**Instructions for the task**
Give back the lines below exactly, but do not include any pictures.

--- Source material ---

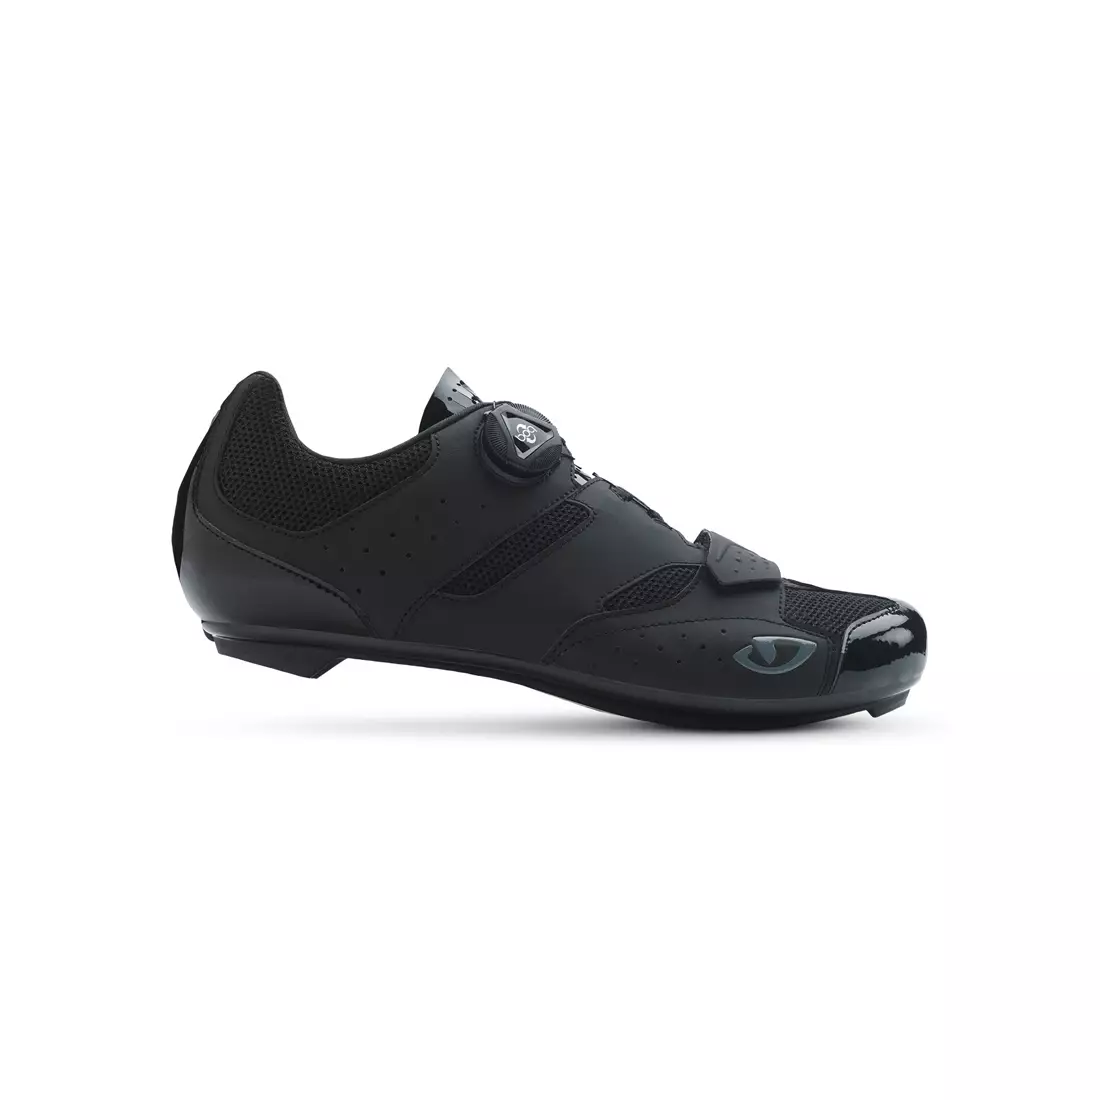 GIRO SAVIX - pánska cyklistická obuv - cestná čierna
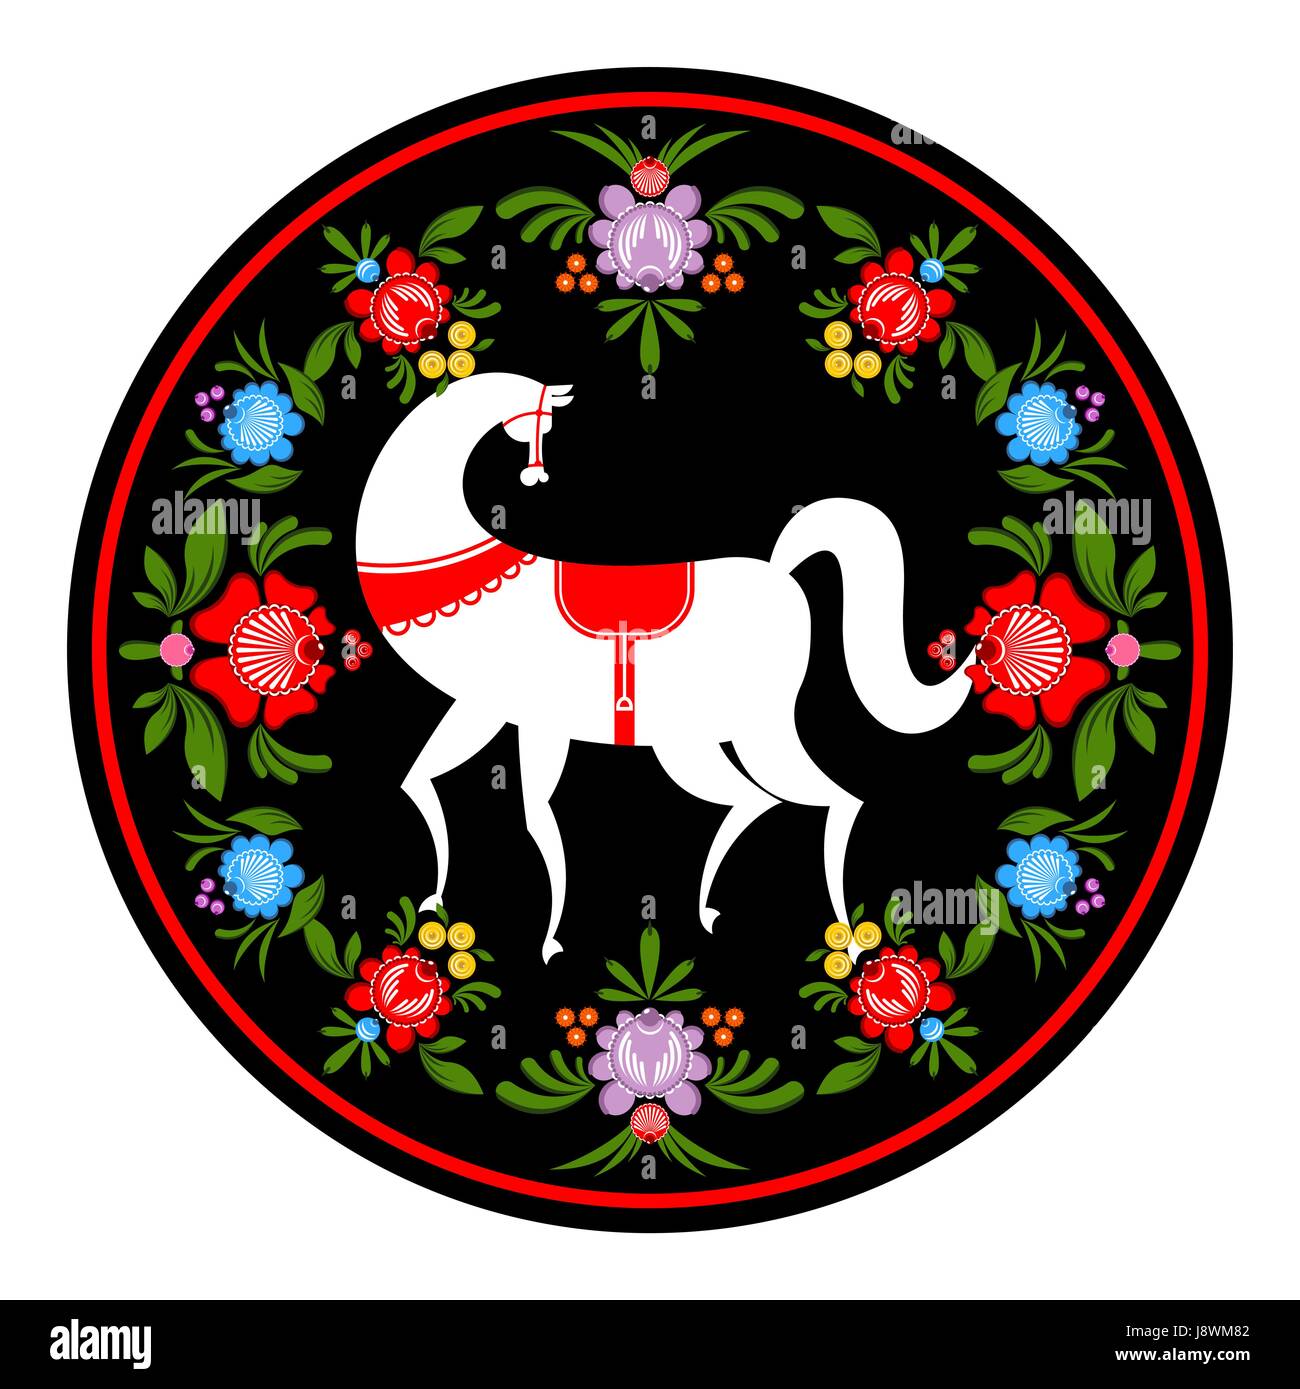 Белый конь Городецкой росписи в цветах
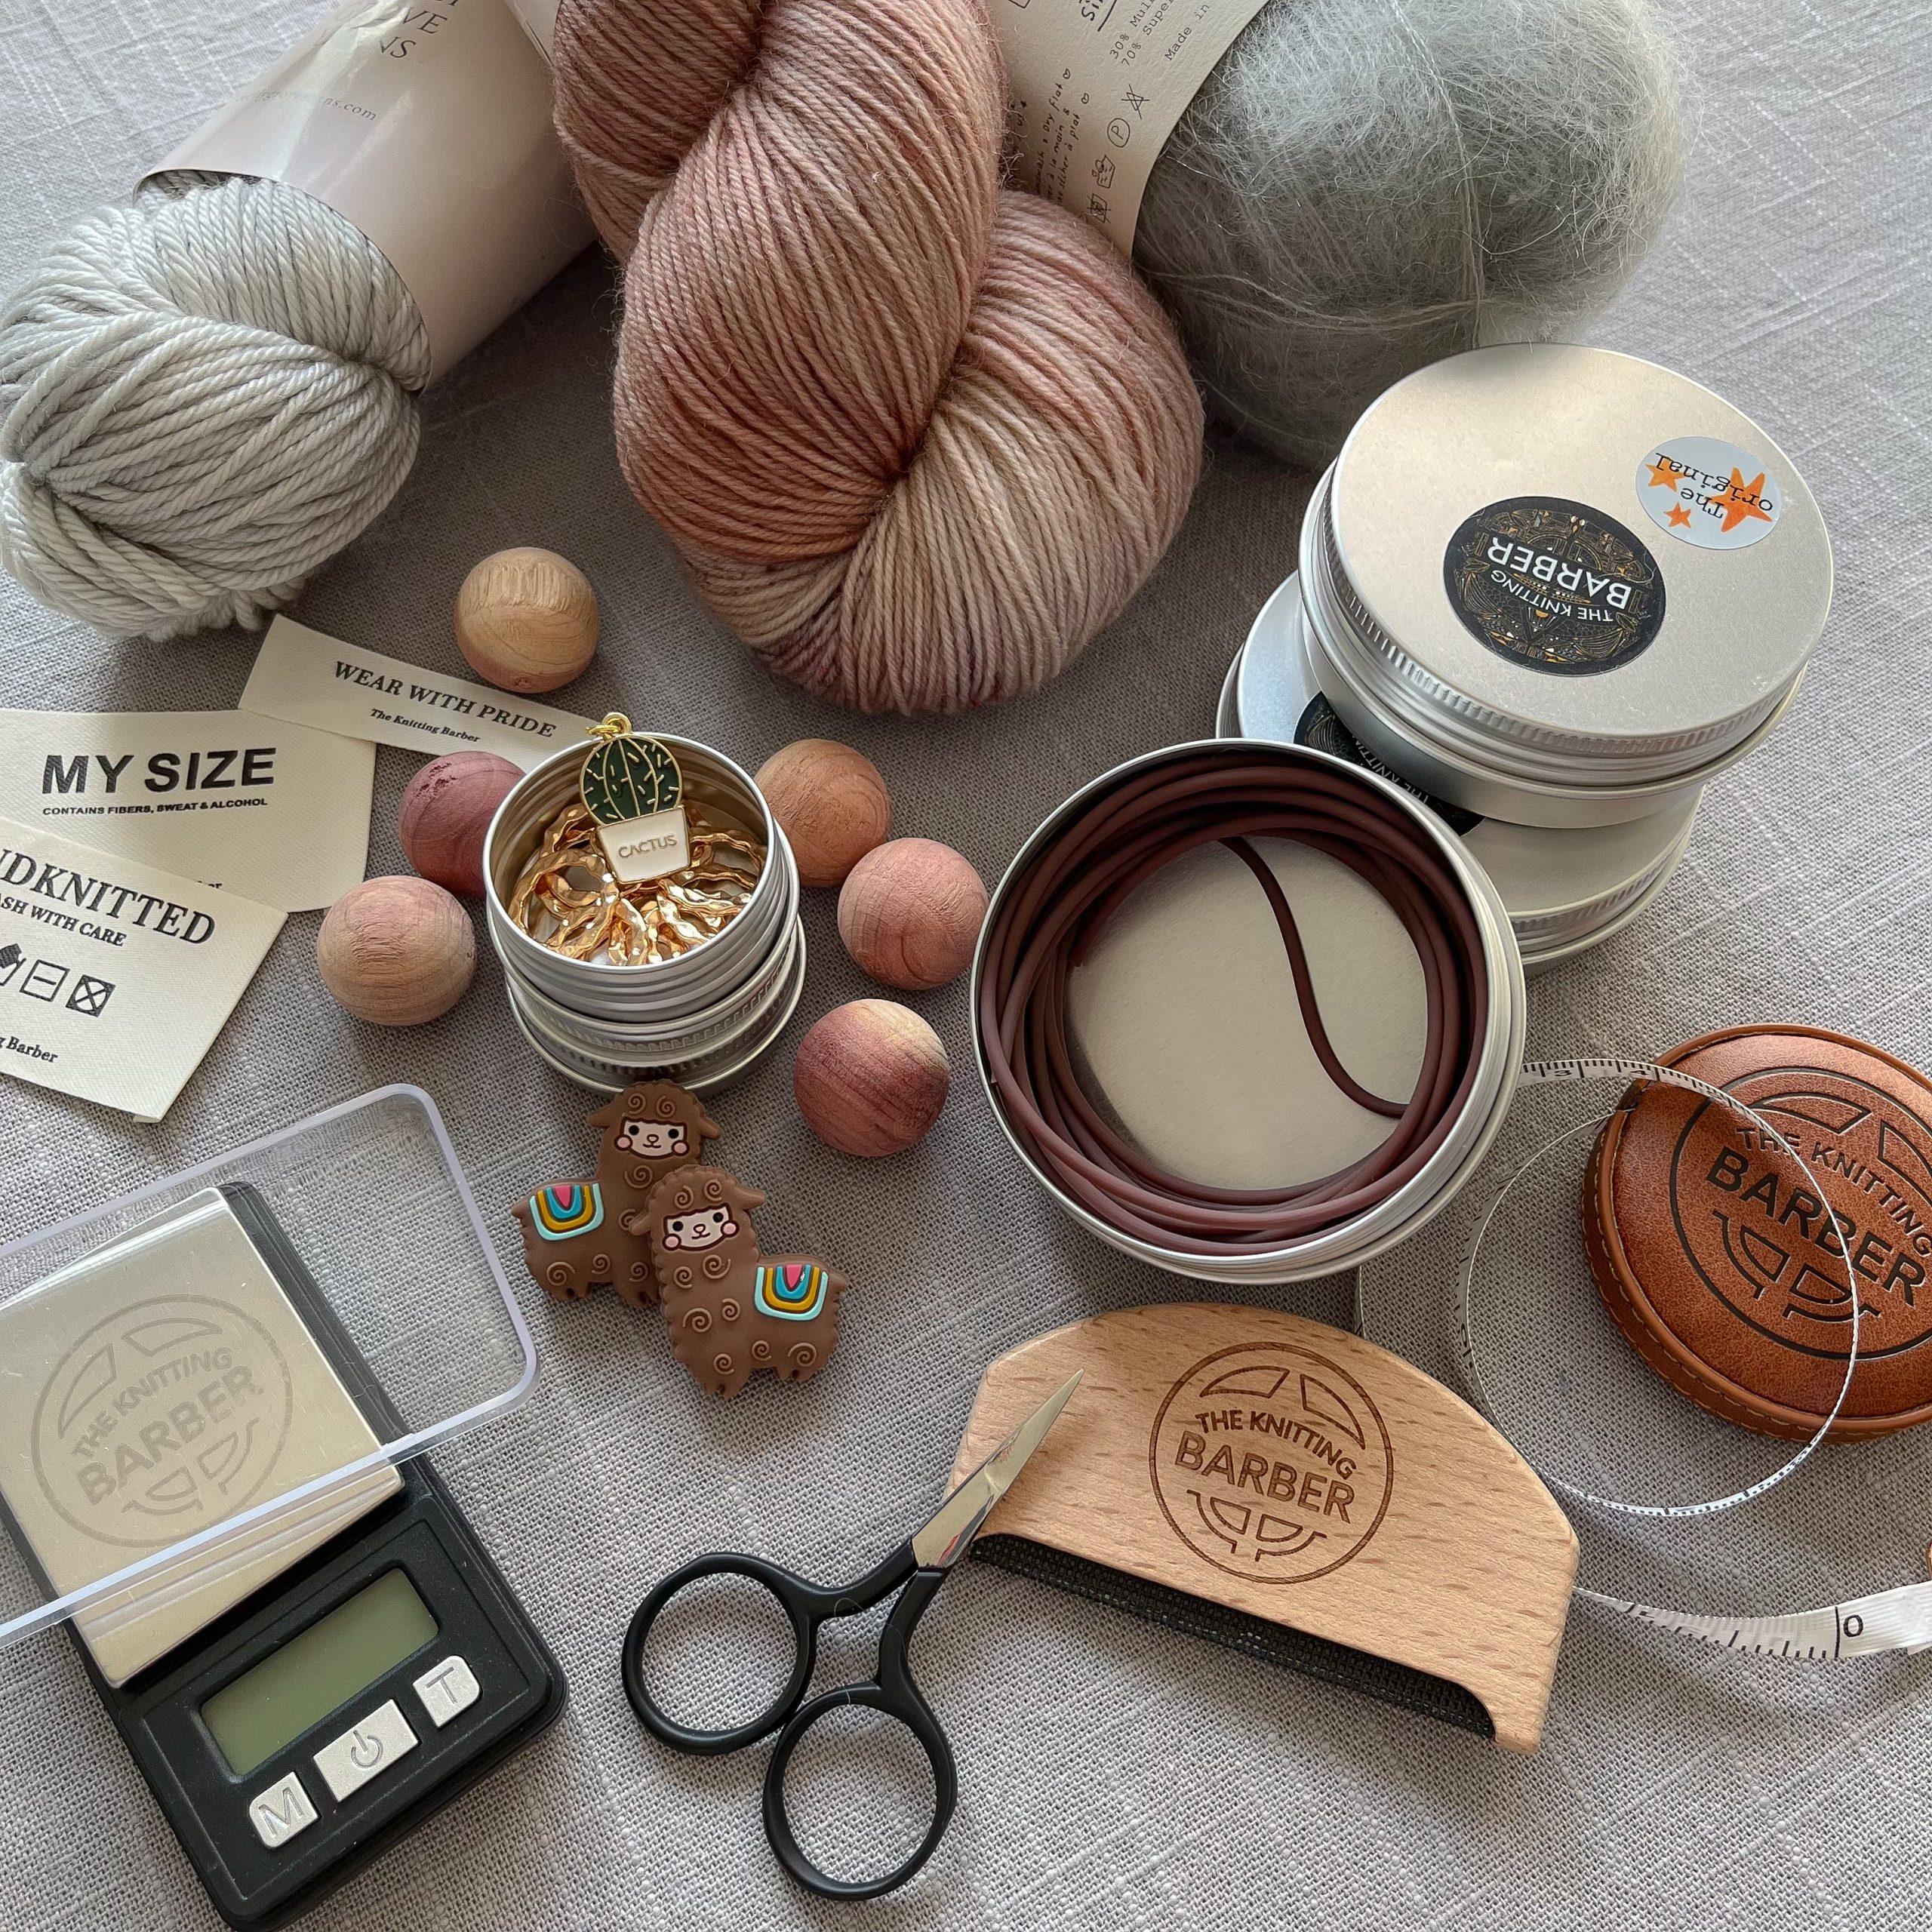 The Knitting Barber Cords – Yarnbyrds, LLC

---

**Problem solution**
 GIRO SAVIX - pánska cyklistická obuv - cestná čierna
 Белый конь Городецкой росписи в цветах
 The Knitting Barber Cords – Yarnbyrds, LLC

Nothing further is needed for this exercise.